Menurut Farah, kebutuhan industri saat ini juga mengalami perubahan yang signifikan. Jika sebelumnya dunia kerja lebih menekankan penguasaan teori dan pengetahuan teknis, kini perusahaan membutuhkan talenta yang mampu mengombinasikan pemanfaatan teknologi dengan kemampuan analitis dan penyelesaian masalah.
Baca juga : KPK Tangkap 5 Pegawai BPK, Terkait Kasus Muara Enim
"Peruri menilai terdapat lima kompetensi utama yang perlu dimiliki generasi muda yaitu data literacy, AI literacy, digital product mindset, security dan governance, terakhir critical thinking dan problem solving" ujarnya.

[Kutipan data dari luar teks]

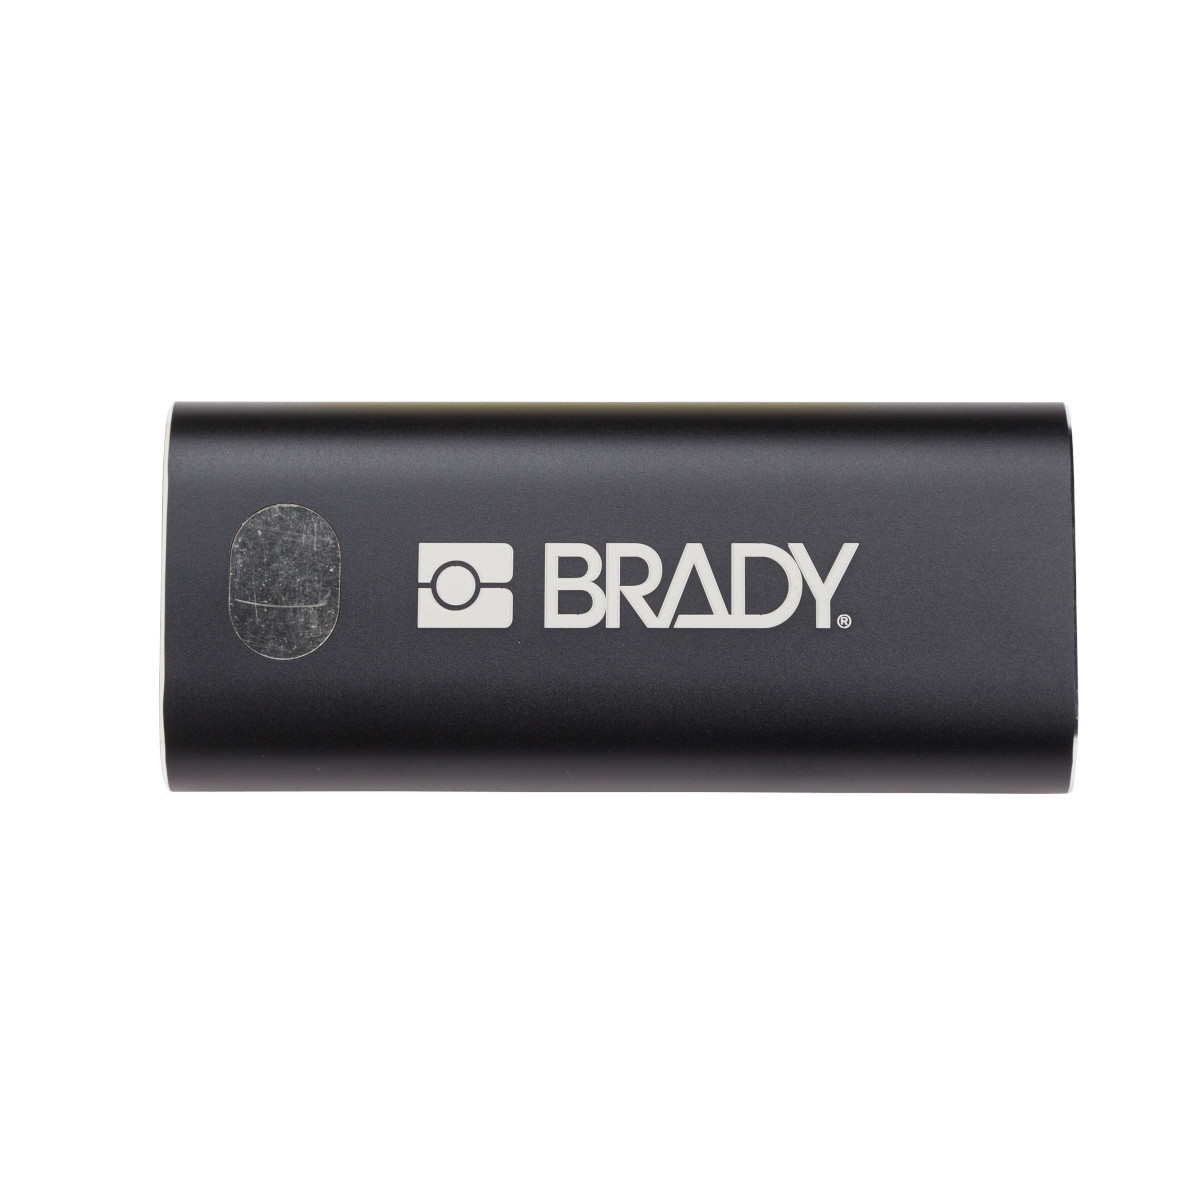 M211 Power bank - Brady Part: M211-POWER | Brady | Brady.eu

Farah menambahkan bahwa pengembangan kompetensi tersebut tidak dapat dilakukan hanya oleh dunia industri.
Menurutnya, dibutuhkan kolaborasi yang lebih erat antara pemerintah, institusi pendidikan, dan sektor swasta untuk menciptakan ekosistem pembelajaran yang relevan dengan kebutuhan masa depan.
Sebagai GovTech Indonesia, Peruri terus mendukung pengembangan ekosistem digital nasional melalui berbagai inovasi berbasis teknologi, data, dan keamanan digital.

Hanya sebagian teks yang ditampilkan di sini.